4) Deproteinizing the ion exchange resin: and (3) sequentially passing the liquid obtained in the step (3) through 500ml of strong acid cation exchange resin and 500ml of strong alkaline anion exchange resin, collecting a part with the PH less than 5, and then regulating the PH of the solution to 7+/-0.5 by using a NaOH solution with the mass percent concentration of 30%.

5) Hydrogen peroxide decolorization and freeze drying: filtering and concentrating the solution obtained in the step (4) to 200ml, regulating the pH value to 10+/-0.3, adding 15ml of 30% hydrogen peroxide solution by mass concentration for decolorization for 8 hours, and freeze-drying to obtain the heparinoid sample.

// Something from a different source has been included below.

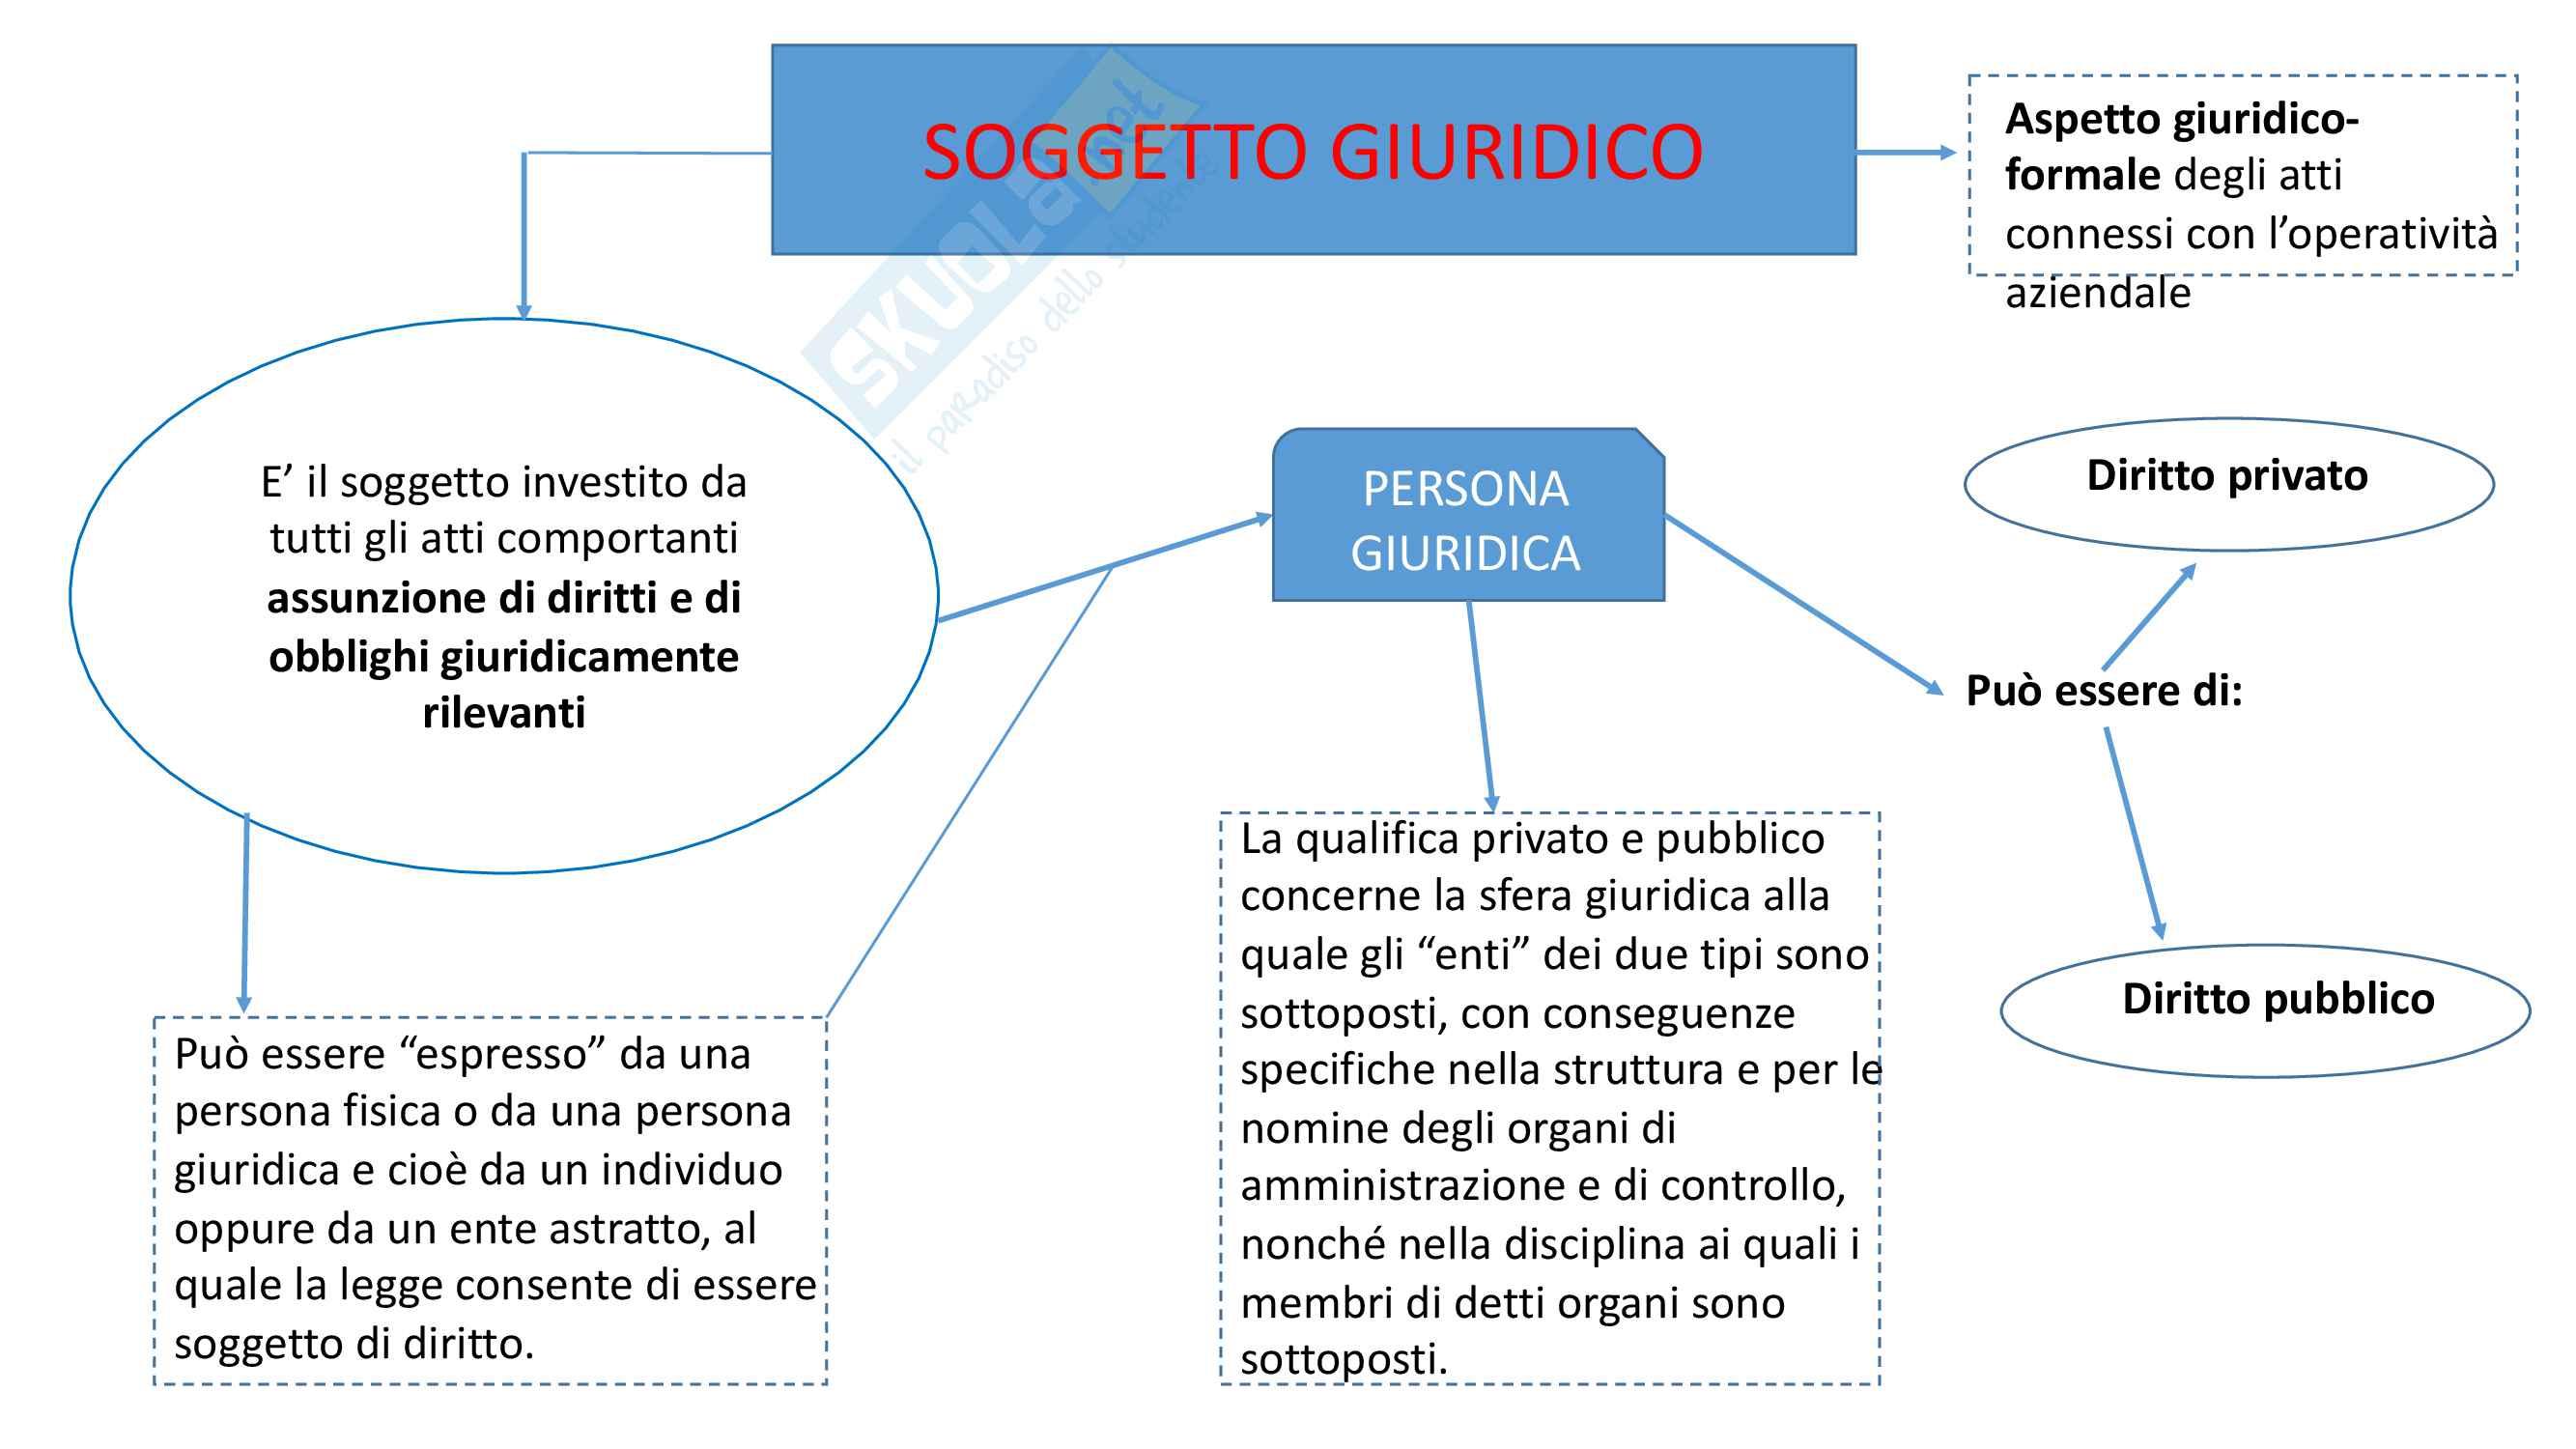 Mappe concettuali e teoria Economia aziendale e contabilità

Compared to embodiment one: the third comparative example does not have a nanofiltration salt removal step, the subsequent steps are carried out according to the same steps, and when the same detection is carried out finally, the content of partial salt ions is far higher than that of the first embodiment of the invention, and the specific detection can be compared with the following table 1:

table 1 comparison table of test results

The comparative example can be seen in FIG. 4 for molecular weight GPC chart, which shows that the molecular weight distribution is not uniform, while there are various molecular weight products.

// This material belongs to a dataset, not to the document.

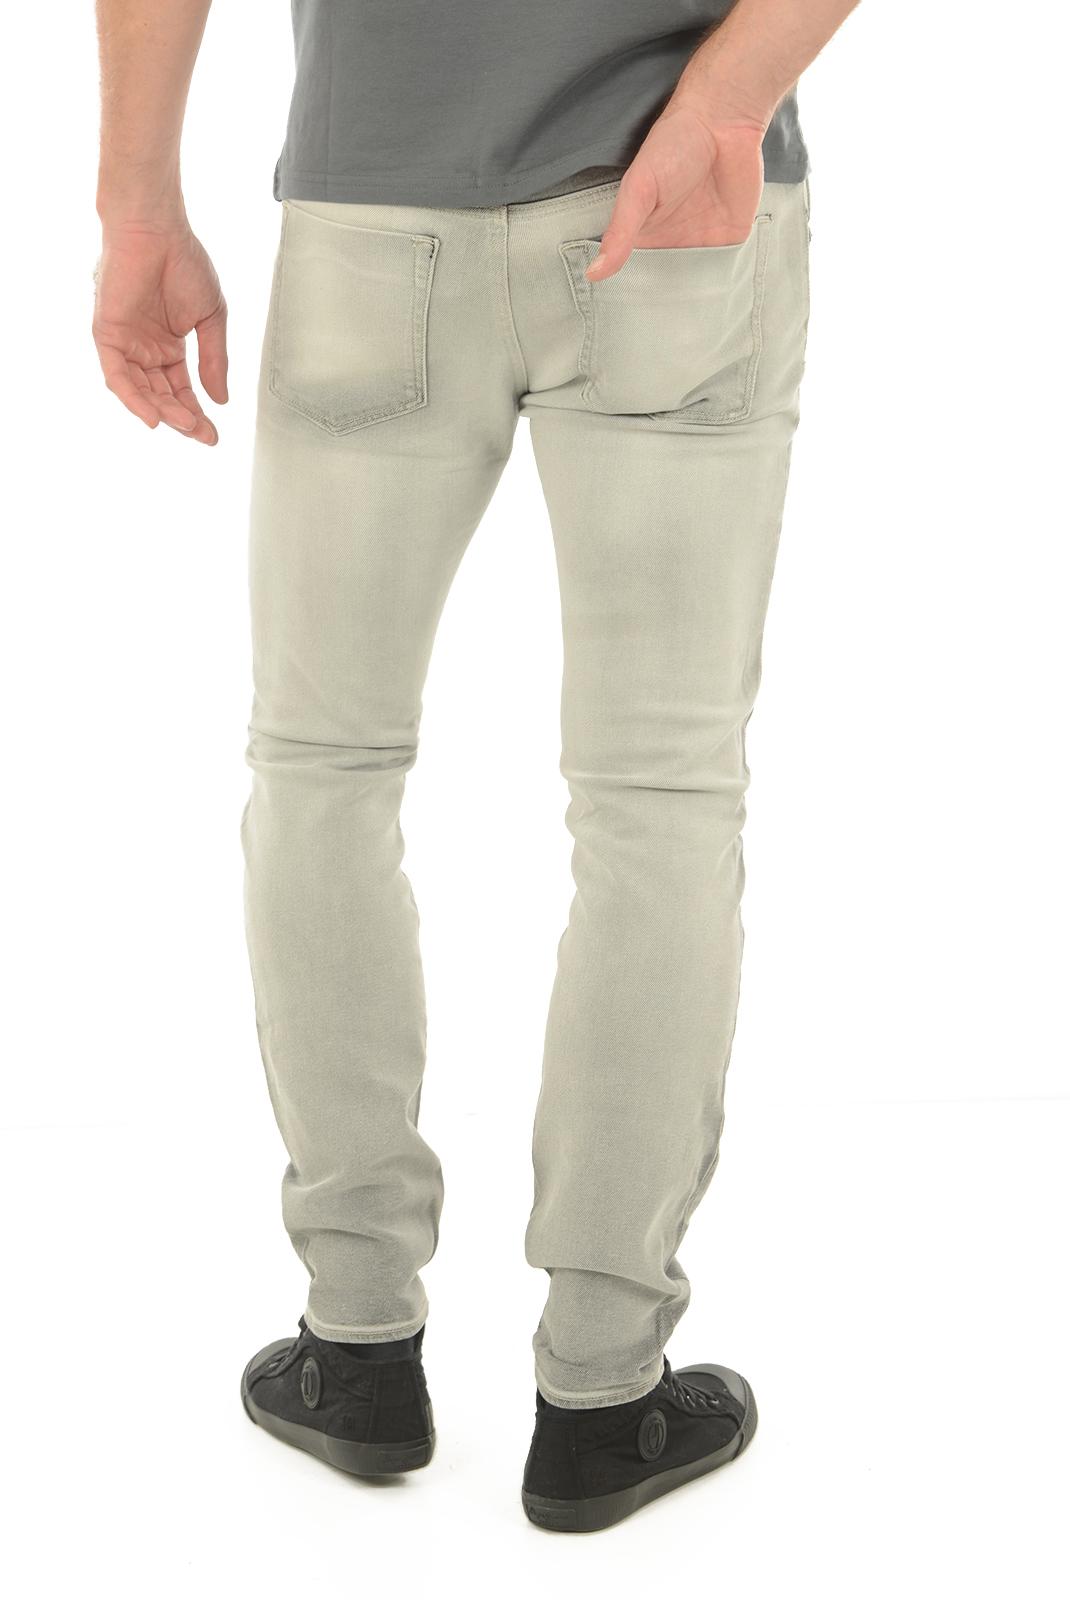 Jeans  Meltin'pot MERET D1573 CH908 NF16 GRIS

Relevant safety and efficacy data are shown in table 2:

table 2 related safety and efficacy data vs. table

The preferred embodiments of the invention disclosed above are intended only to assist in the explanation of the invention. The preferred embodiments are not exhaustive or to limit the invention to the precise form disclosed. Obviously, many modifications and variations are possible in light of the above teaching. The embodiments were chosen and described in order to best explain the principles of the invention and the practical application, to thereby enable others skilled in the art to best understand and utilize the invention. The invention is limited only by the claims and the full scope and equivalents thereof.

Claims

1. A method for preparing heparinoids, comprising the steps of:

1) Pretreatment: formamide and N, N-dimethylformamide are mixed according to the proportion of 1:1, mixing in proportion, and preparing 1000ml of mixed solvent;

2) Sulfonation reaction: dissolving 100g of chondroitin sulfate in 1000ml of the solvent in the step 1), uniformly mixing, adding pyridine sulfur trioxide, heating to 70 ℃, and stirring for reaction for 5 hours;

3) Nanofiltration amine: cooling the mixed solution in the step 2) to room temperature, regulating the PH value to 8+/-0.3 by using a NaOH solution with the mass percent concentration of 30%, adding 3L of deionized water, carrying out nanofiltration operation by using a nanofiltration membrane with the cutoff molecular weight of 300, continuously adding deionized water during the nanofiltration operation, measuring the conductivity of the permeate to be 350, stopping adding water, and discharging liquid when the volume of the cutoff liquid is 500 ml;

4) Deproteinizing the ion exchange resin: sequentially passing the liquid obtained in the step 3) through 500ml of strong acid cation exchange resin and 500ml of strong alkaline anion exchange resin, collecting a part with the PH less than 5, and then regulating the PH of the solution to 7+/-0.5 by using a NaOH solution with the mass percent concentration of 30%;

5) Hydrogen peroxide decolorization: filtering and concentrating the solution obtained in the step 4) to 200ml, regulating the pH value to 10+/-0.3, and adding 15ml of 30% hydrogen peroxide solution by mass concentration for decolorization for 8 hours;

6) Nanofiltration for desalting and freeze drying: filtering and concentrating the solution obtained in the step 5), regulating the pH value to 7+/-0.3, carrying out nanofiltration operation by using a nanofiltration membrane with a cutoff molecular weight of 2000, adding deionized water all the time during the nanofiltration operation, and stopping adding water when the conductivity of the permeate is measured to be 200; stopping adding water when the volume of the intercepting liquid is 500ml, collecting liquid, freeze drying to obtain heparinoid,

the protein content of the heparinoids is <3%.